I am finally getting on an aeroplane and flying to sunny Greece; it is going to be amazing and I can not wait to feel the enjoyment of some R&R alongside not having to think about work for an entire 10 days.
The villa we have booked looks idyllic and my daughters obsession with Mumma Mia is going to have a field day as we are staying on Skopolos which is where they filmed parts of the film.
Having a private pool means I won’t worry about swimming whilst at the villa but I still worry about judgement from others when going to the beach as we all love snorkelling and the beach is the best place for that activity.
Now I know I am the same size as when I last went on holiday, I think I look ok from the back… but sometimes I worry about others staring and making me feel uncomfortable, I shouldn’t feel that way, but occasionally I do.
My body confidence
I have started getting better over the years, shock horror, I now wear shorts, since the balloon style shorts come out, I find them easier to wear, I use a large stoma bag so short shorts are not ideal as my outlet pokes out of my left leg hole… it also occasionally digs into my thigh, yes I could use the smaller bags but they are not equipped to deal with my output.
Body confidence is such a fickle thing, considering myself more or less normal with an added bonus of a ileostomy that has a bag attached to catch the waste, does this make me less able to flash my midriff or does this give me a purpose of educating and highlighting what so many of us hide underneath clothes.
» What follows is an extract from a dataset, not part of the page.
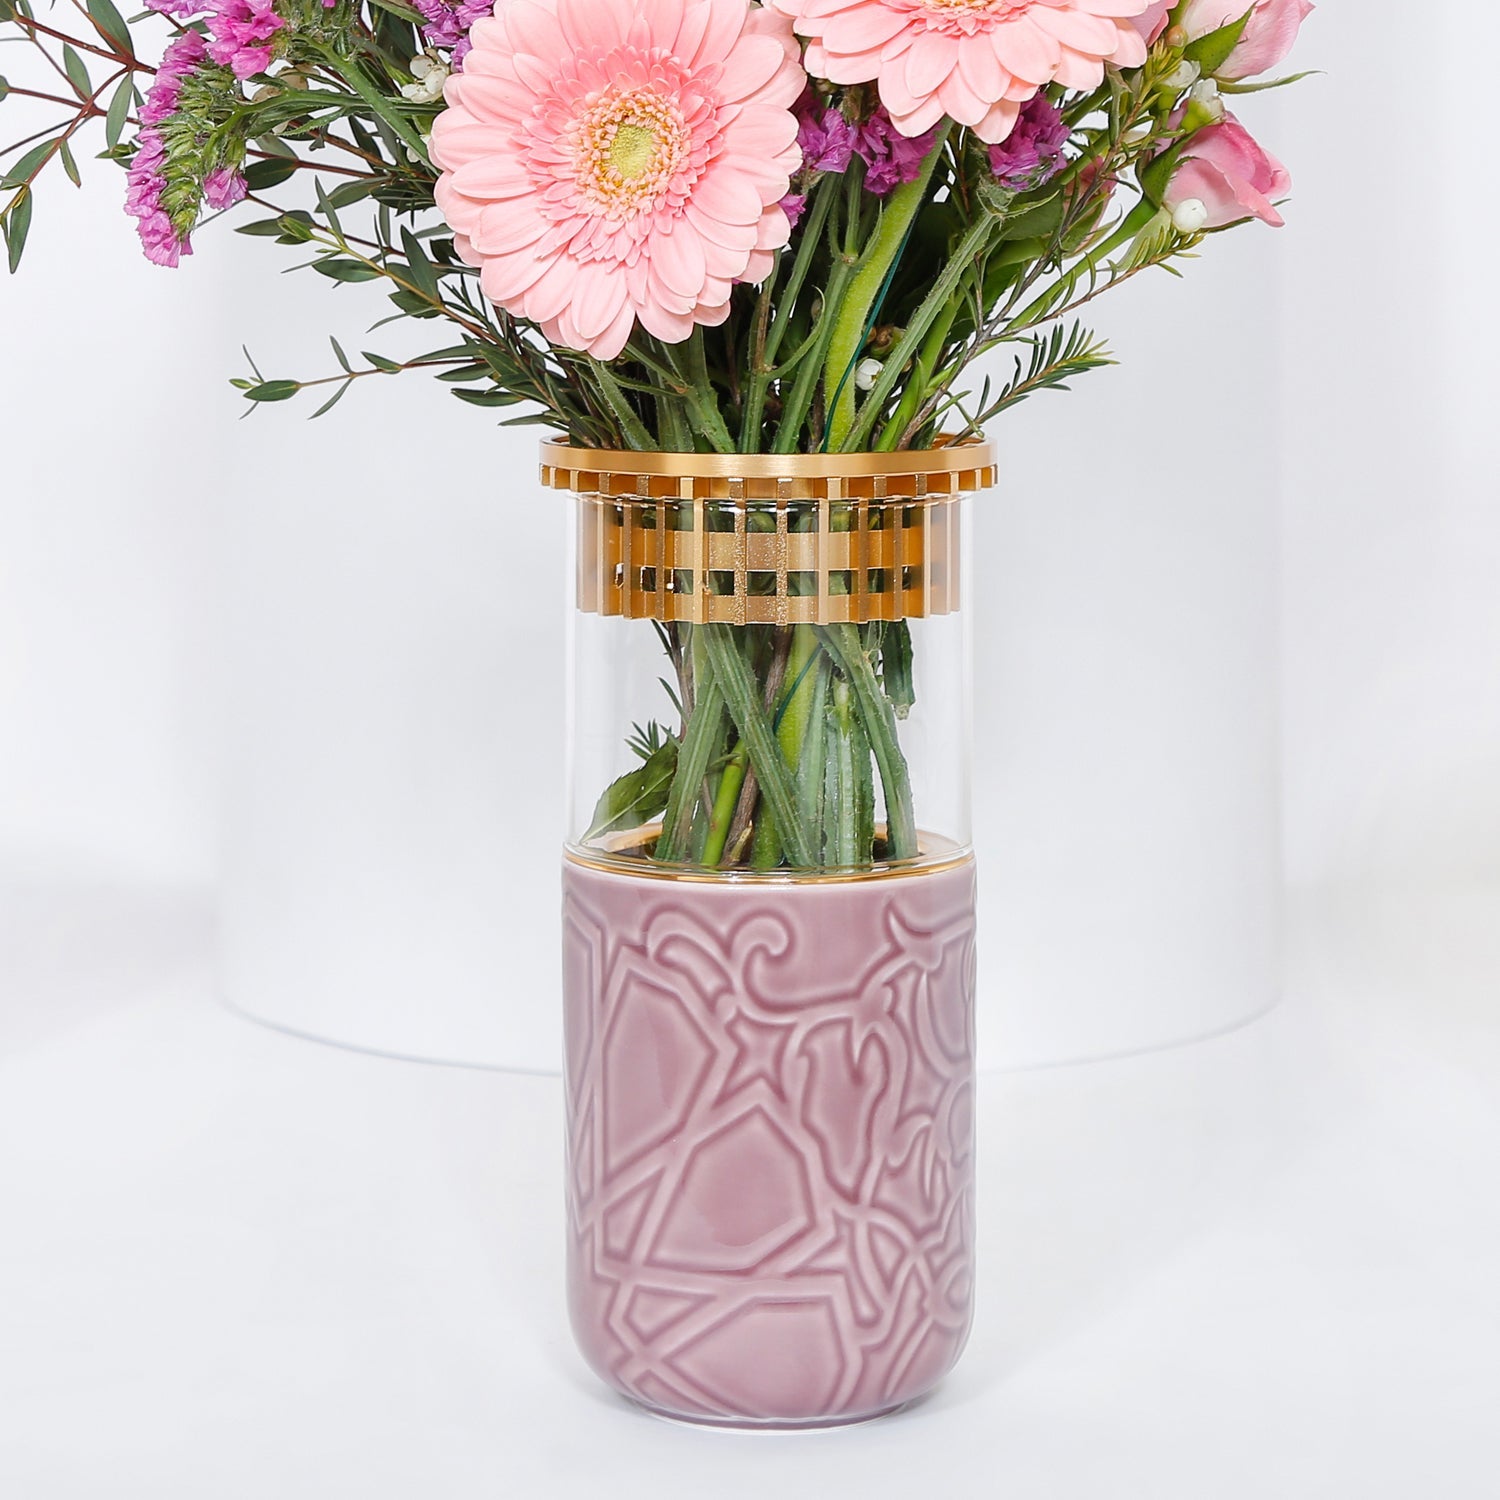 Pink Flowers Vase Arrangement

Clothing on can hide a multitude of sins and also hides the ostomy.
Are we right to be afraid and less likely to show the bag or is it a case of flaunting what we have to and to hell with the general consensus of you can only show the perfect body?
We all have those small imperfections. Mine is a mass of stretch marks and some rather epic scarring. Pre ambassador and advocating stoma life I was always reluctant to bare it all and always considered myself not worth being stared at due to my scars. Most of my body confidence has now come from the fact I have hit a happy place with my weight and with my body shape.
For me my ostomy doesn’t bother me, it’s the stretch marks and lack of stomach muscles. I have mesh holding in my innards so regardless of how fit and healthy I am, my stomach is still slightly rounded and rather solid thanks to scar tissue.
Body image is unique to each of us. We all have our own neurosis. There is no right or wrong way with stoma life. You can flaunt it and show off your life saving, life improving device or you can keep covered. It is down to how you want to live life and how you feel about your stoma.
The swimwear
Preparing for holiday has it’s good points, now like most women I enjoy shopping for clothes much to my husbands delay. Buying swimwear has always been slightly more difficult for me. I can’t wear swimsuits as I end up with the ever lasting wedgie, and no one likes those in 30 + degree heat.
Knowing my own body shape I still struggle. Do I wear low waisted? Do I wear high waisted? For me high waisted serves a purpose of hiding my bag and comes in handy when your snorkeling as a flapping bag whilst swimming can make me slightly neurotic. But the high waisted makes me look bigger than I am, so low waisted is my preferred choice.
Since my last holiday abroad the ModaVi stoma bag has come out and with this having the foldable option this has made my bikini choices easier. I no longer have to worry about the size of my bag, whilst swimming I can fold the bag up and when I am back to soaking up the sun I can unfold the bag.
I am really looking forward to my holiday, I am now of the notion that I should just wear what I am comfortable in.